First and foremost, understand your practice’s needs and priorities. An appropriate plan type and/or plan setup depends a lot on what’s most important to your practice. Realizing that determining the type of plan for your practice will be your responsibility, you should ask yourself a number of questions. For example, are you more concerned with attracting and retaining the best employees? Or is maximizing the amount you personally can save for your retirement a more important consideration. (See insert bottom page 10: Key Reasons for Offering a Workplace Retirement Plan.)

Determine an appropriate type of retirement plan:

The most common retirement plans can be thought of in 2 categories: plans for sole proprietors and plans for businesses with employees. Most dental practices have full-time employees. For those practices, SEP-IRA, SIMPLE IRA, or 401(k) plans are options. If your practice doesn’t have fulltime employees beyond your spouse, you can set up a SEPIRA or Self-Employed 401(k) plan.

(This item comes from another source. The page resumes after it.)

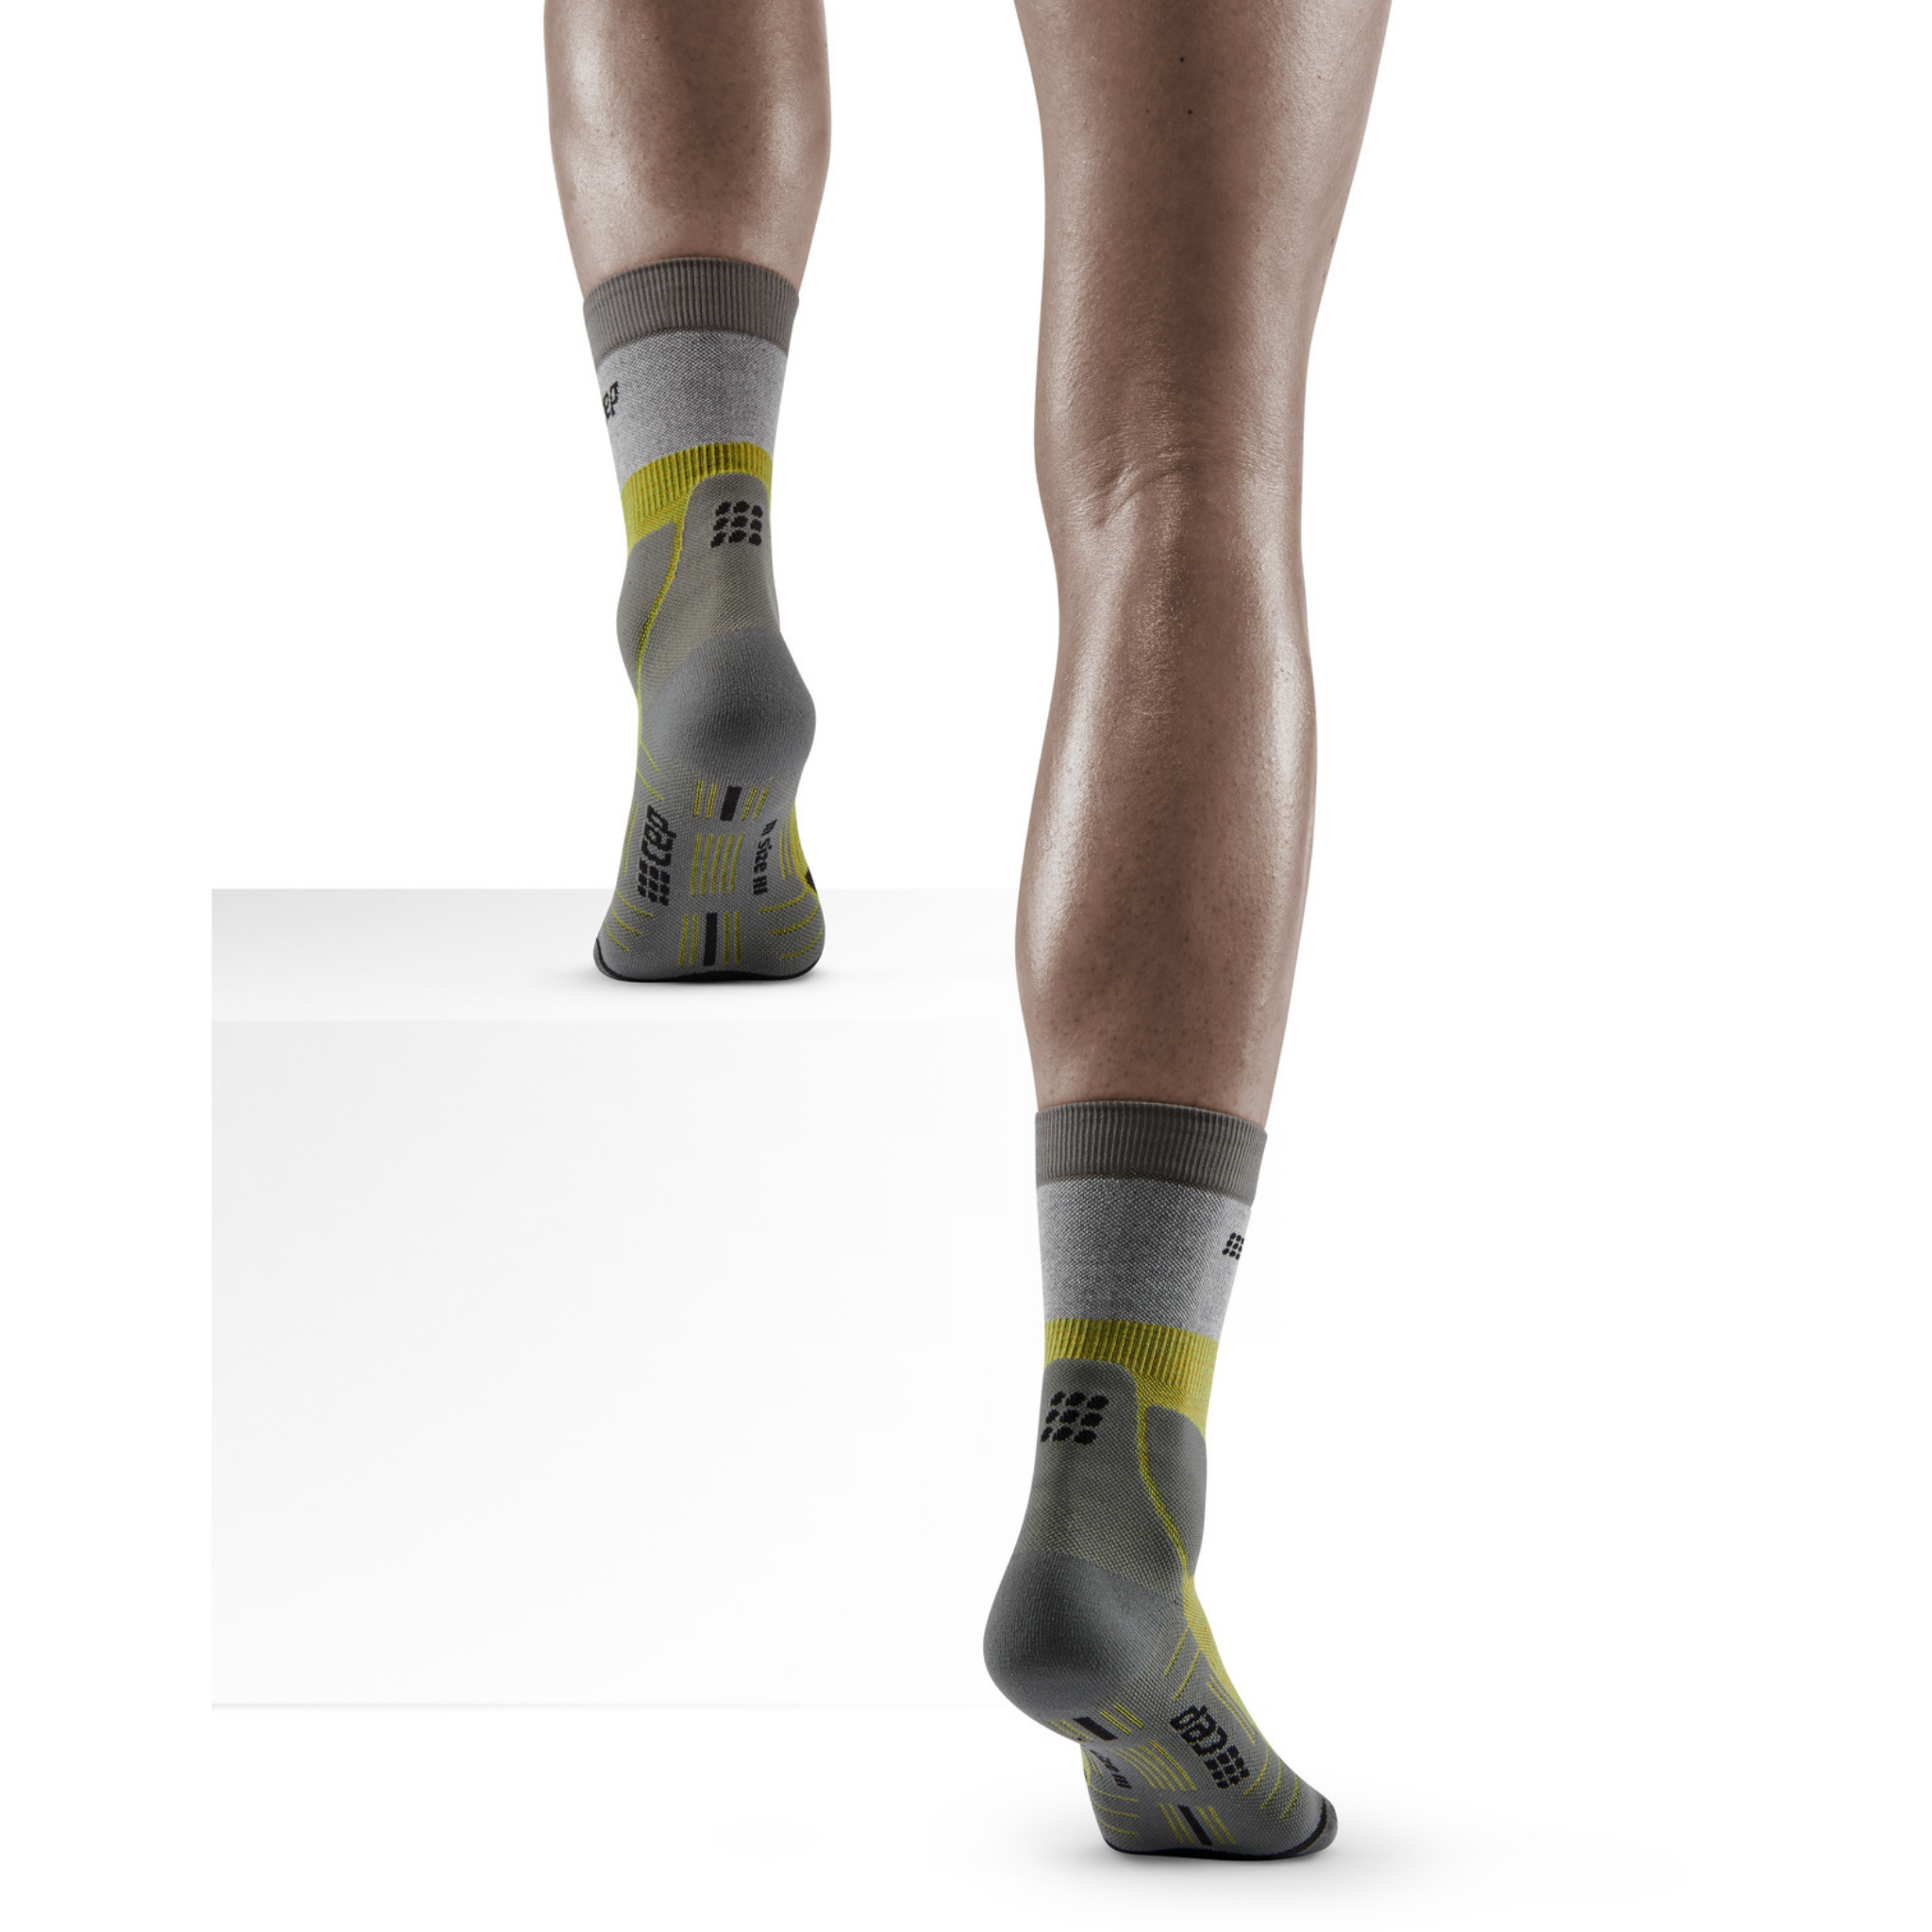 The Run Low Cut Socks 4.0 for Men

Some important questions in determining an appropriate plan type are:

  • Does the practice have full-time employees?
  • Will the practice be able to (or even required to) contribute money into employee’s accounts?
  • Will employees be allowed to contribute to the plan?
  • How much tax advantaged savings is possible in the plan?
  • How much will the plan cost, to the practice and to you and your employees as participants in the plan?
  • How much administrative responsibility will be involved for your practice?

There is no magic formula for finding an appropriate plan. However, there are a couple of basic trade-offs between retirement plan types. Generally the greater the number of contribution types offered by a plan and the greater number of plan features the more the cost and administrative responsibilities a plan will have. Also, the more service and support that you and your employees receive the more a plan will cost. (See sidebar: What’s the Right Retirement Plan Type for My Practice?)

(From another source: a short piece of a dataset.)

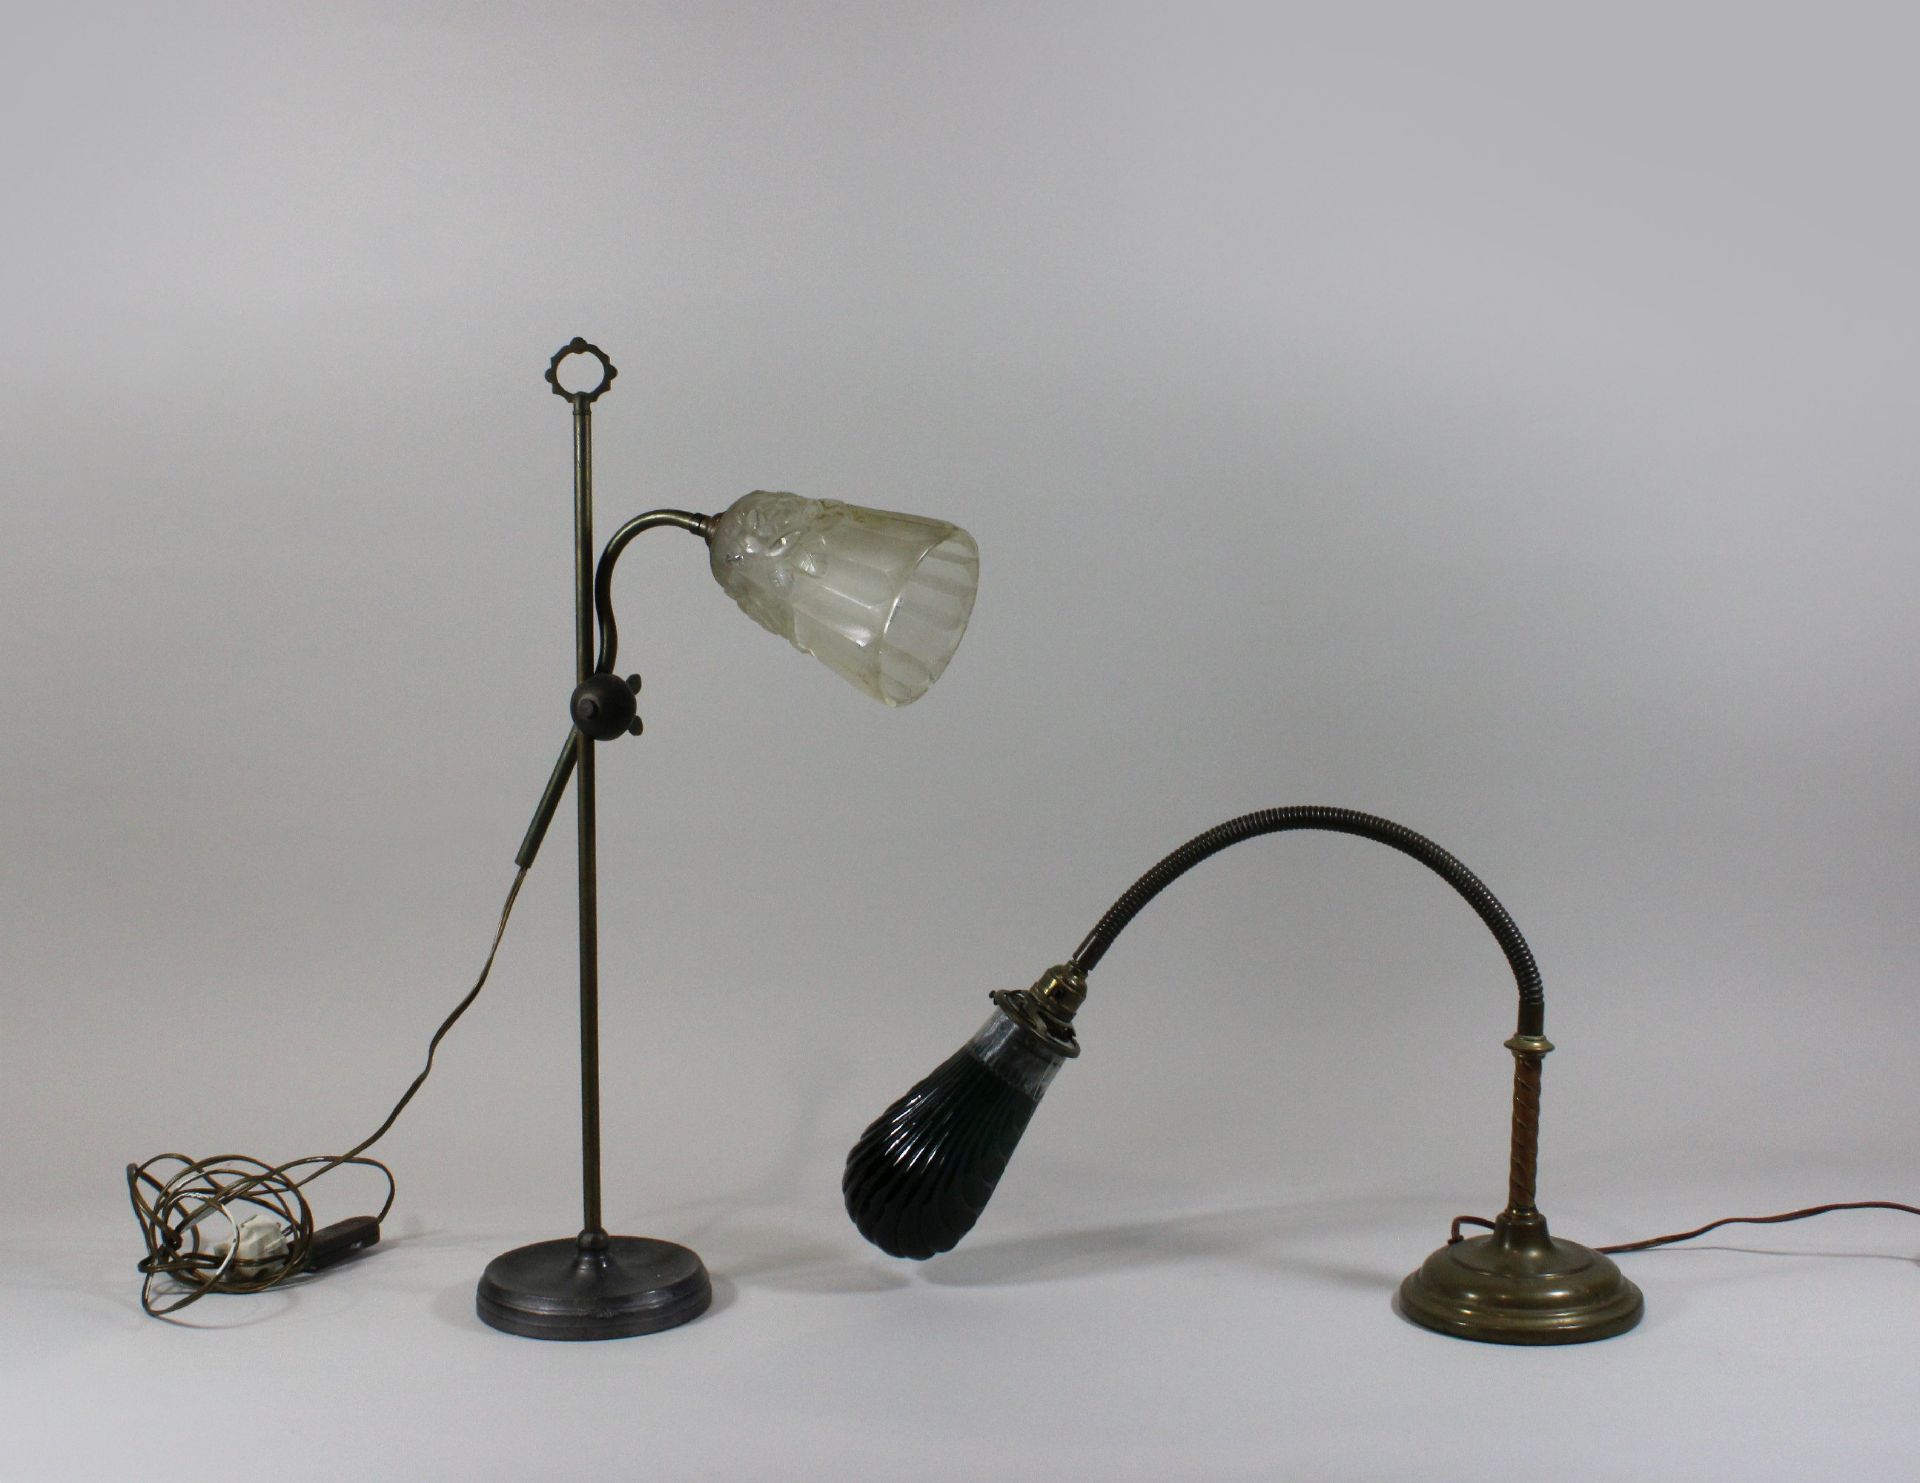 Zwei Tischlampen, Jugendstill, Frankreich, 19. Jh., Metall, mit Glashaube, H vom 60 bis 76 cm, Risse

Another thing to consider is the future. If you expect your practice to grow or plan to add employees you might want to opt for a more robust, plan now.

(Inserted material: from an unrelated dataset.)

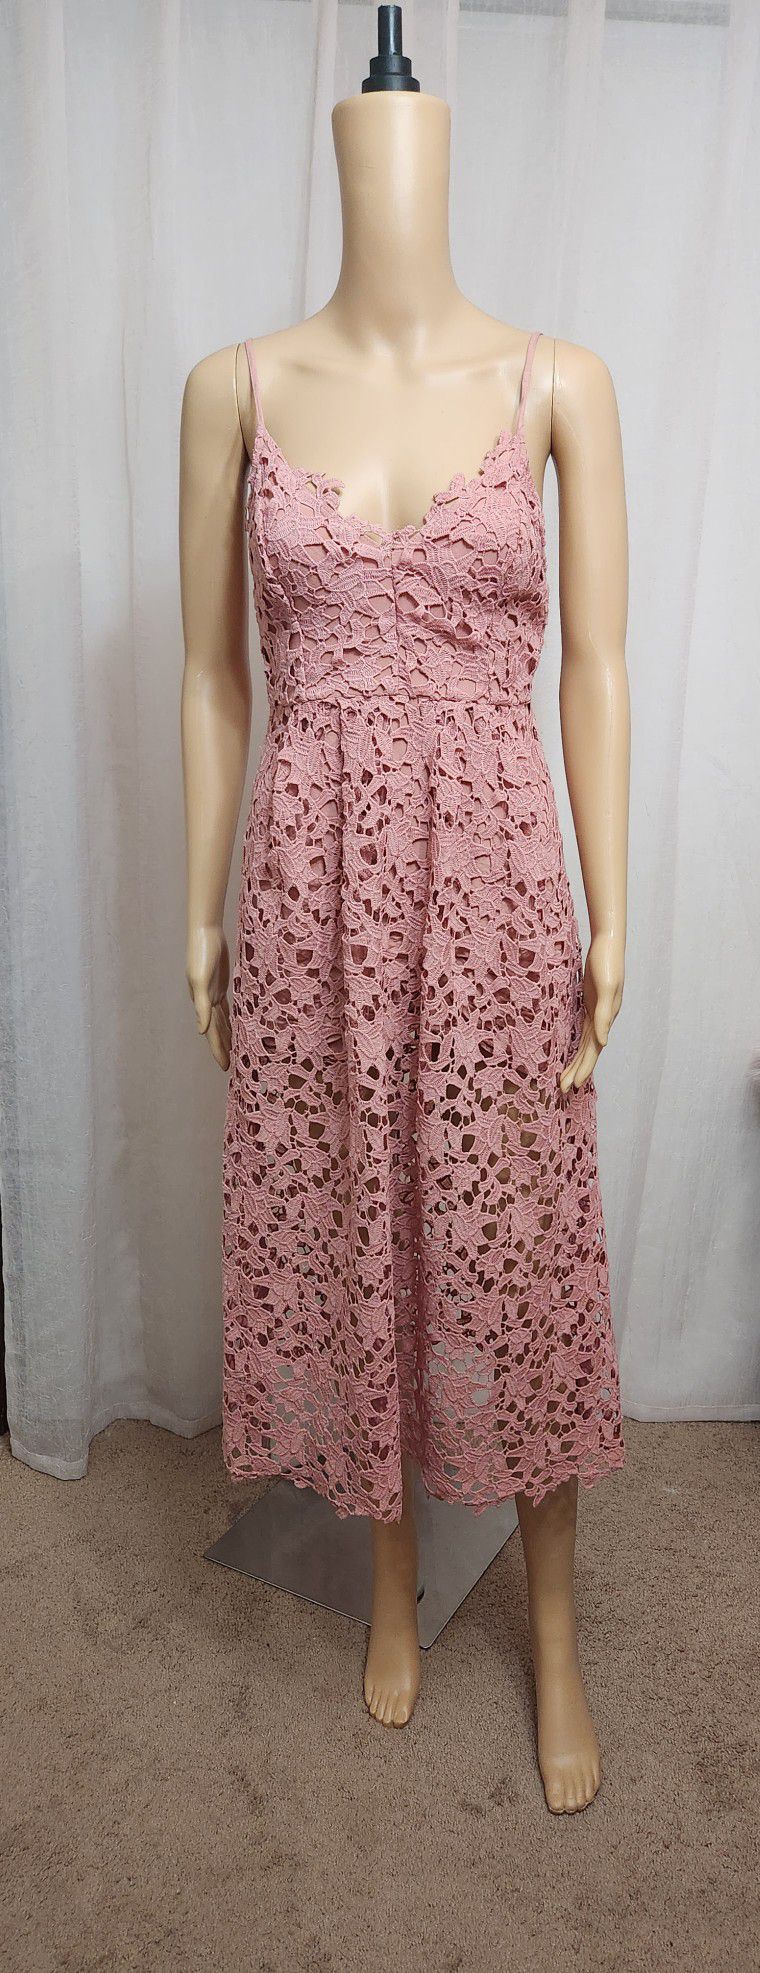 Lace Midi Blush Dress - Size Small

Retirement Plan Design Considerations

Some retirement plan types won’t require as many choices to be made from a plan design perspective. Other plan types could be more flexible and may provide you more options.

Some plan design factors to consider:

  • Employer match: will your practice match contributions of your employees? Various match amounts and formulas exist, but as a general rule an employer match will help to maximize the amount you and your employees can save. And remember, contributions your practice makes on behalf of your employees may be a deductible business expense.
  • Eligibility: How long will new employees have to work before they can participate in the retirement plan? Consider your employee turnover rate when determining your plan’s eligibility requirements.
  • Vesting: How long will it be before employees are vested in the contributions that the practice has made on their behalf? If an employee leaves, they are entitled to all of the money they have contributed. However, your plan can specify an appropriate vesting period for certain contributions that your practice makes on behalf of plan participants.
  • Loans and withdrawals: Some 401(k) plans allow employees to borrow from their retirement plan account or make withdrawals under certain circumstances. Although employees often like these options, they can add to the administrative responsibilities for your practice.
  • Investment options: Some plans require the employer to select a range of investment options for the plan. Others leave all investment choices up to the individual participants in the plan.

There are a number of other considerations for selecting and implementing an appropriate workplace retirement plan.

Be sure you understand all the costs involved in your plan. You need to understand the costs that your practice will pay, including set-up fees and ongoing administration fees. You also need to understand and distinguish between plan level costs, generally payable by the practice and participant-level costs payable by participants in the plan. Some plan providers allow you to structure the plan so that certain plan level expenses are partially or wholly paid by plan participants. Also keep in mind that asset-based fees are also part of the total cost of your plan.